Severity diversity: Include minor, moderate, and critical issues. Your tool should rate severity appropriately.
Clean examples: At least one fixture per problem domain should be clean to drive negative tests.

Reference Solutions as Platform Artifacts

Reference solutions serve double duty on a platform team:

Grader calibration. Compare agent output against the reference to verify graders catch real failures and pass correct behavior. When a grader disagrees with the reference solution, the grader is probably wrong.
Onboarding material. New team members read reference solutions to understand what good output looks like for each tool. The reference solution for messy-repo-audit.md documents exactly what findings the code review tool should produce, at what severity, with what evidence.

From evals/ai-readiness/reference-solutions/ in the reference implementation, seven reference solutions cover the full fixture portfolio:

Reference Solution	Fixture
`messy-repo-audit.md`	`messy-repo/`
`insecure-repo-findings.md`	`insecure-repo/`
`bad-git-health-report.md`	`bad-git-repo/`
`untested-repo-findings.md`	`untested-repo/`
`bad-api-findings.md`	`bad-api-repo/`
`spaghetti-arch-findings.md`	`spaghetti-arch-repo/`
`clean-repo-audit.md`	`clean-repo/`

The clean-repo-audit.md reference solution documents what the agent should say about well-structured code: acknowledge what is done well, note minor improvement opportunities without false alarm, and assign no critical or major findings.

Meta-Evaluation

Platform teams face a second-order problem: how do you evaluate your eval infrastructure itself? If your graders are miscalibrated or your fixtures are unrealistic, your evals give false confidence.

The Eval-Rubric Pattern

The eval-rubric pattern uses a structured assessment against known best practices. This repo’s /eval-rubric command scores the eval infrastructure against 12 dimensions from Anthropic’s “Demystifying Evals for AI Agents” article, each scored 0-5:

Start Early with Real Failures
Source from Real User Behavior
Unambiguous Tasks + Reference Solutions
Balanced Problem Sets
Robust Eval Harness + Stable Environment
Thoughtful Grader Design
Read Transcripts Regularly
Monitor Capability Eval Saturation
Maintain Evals Long-Term
Non-Determinism Handling
Agent-Specific Approaches
Holistic Evaluation

Score thresholds: 0-2 requires an action plan to reach 3. 3-4 indicates adequate infrastructure with room for refinement. 5 indicates complete coverage.
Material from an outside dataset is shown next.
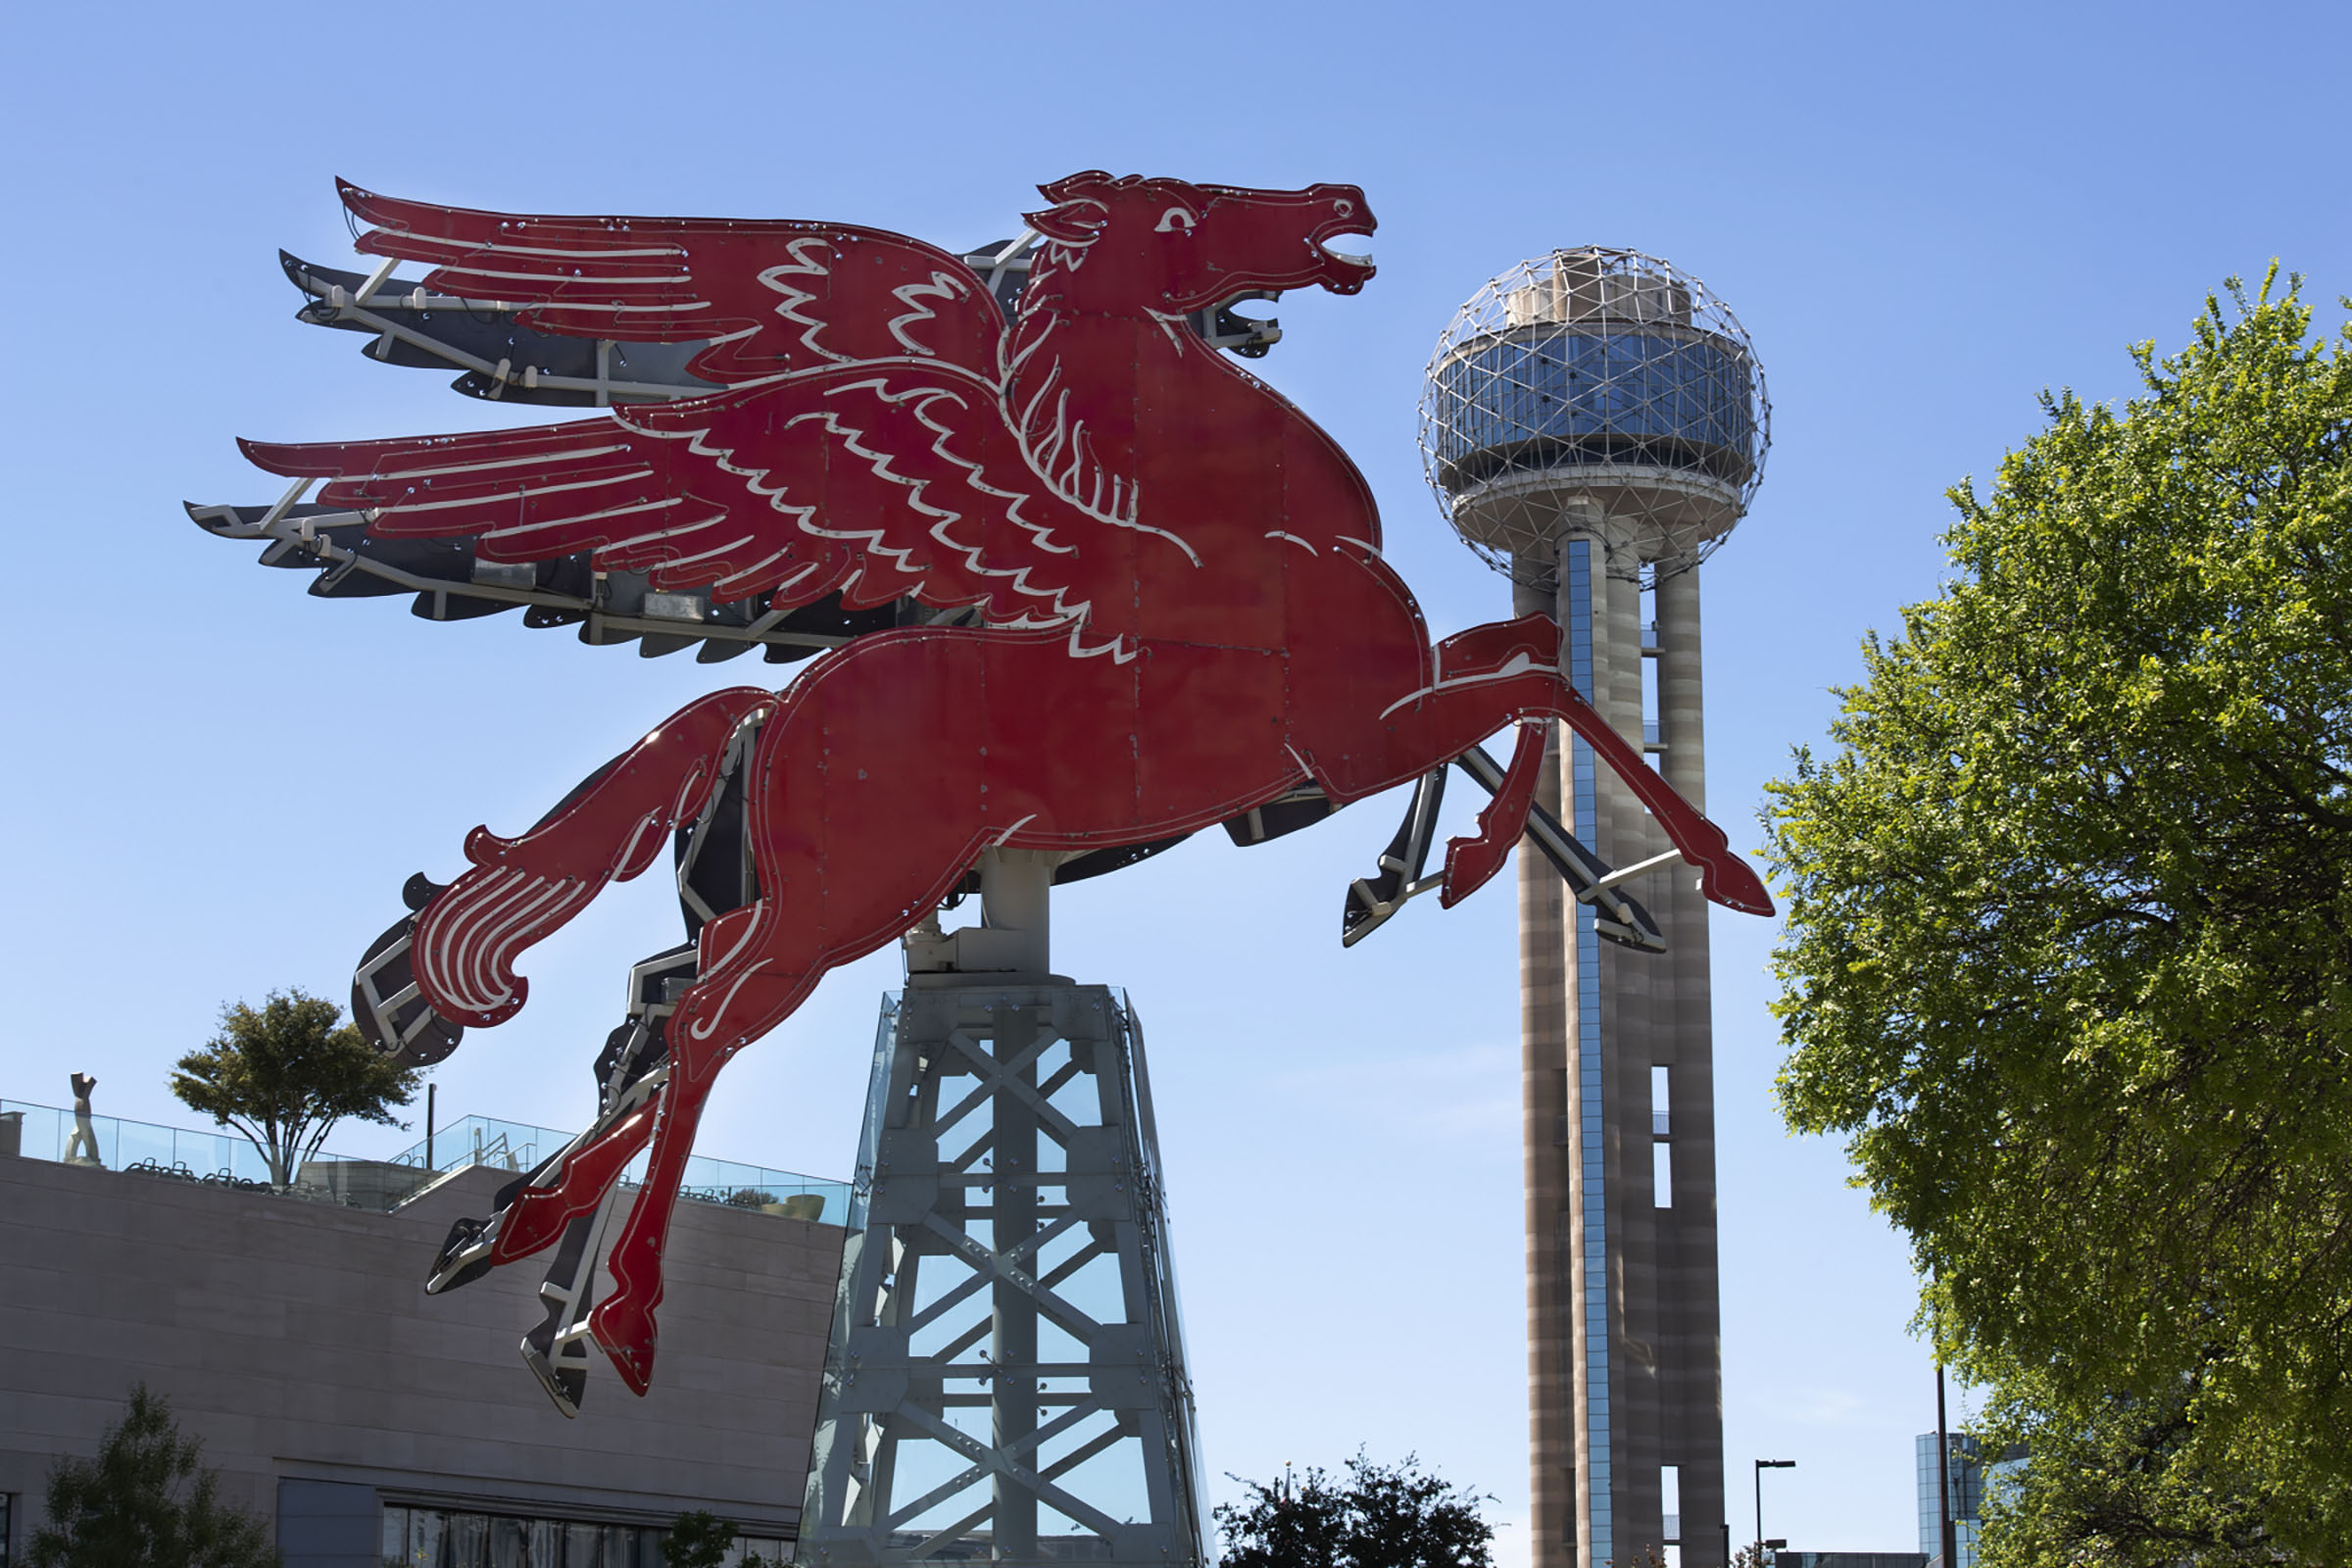 A red Pegasus sculpture flies in front of a large building with a spire

The eval-rubric runs against the actual repo contents, reading suite files, grader implementations, fixture directories, and CI configuration before scoring. It produces evidence-based assessments, not opinions.

Running Meta-Evaluation Periodically

Run the eval-rubric after significant infrastructure changes:

Adding a new grader type
Expanding the fixture portfolio
Changing the base configuration
Adding a new plugin

Track scores over time. A dimension that drops below 3 after an infrastructure change indicates a regression in eval quality.

Expert Validation Agents

ACD defines expert validation agents that validate agent output at runtime, the production counterpart to offline evals. Where evals catch issues during development, expert agents catch issues during execution.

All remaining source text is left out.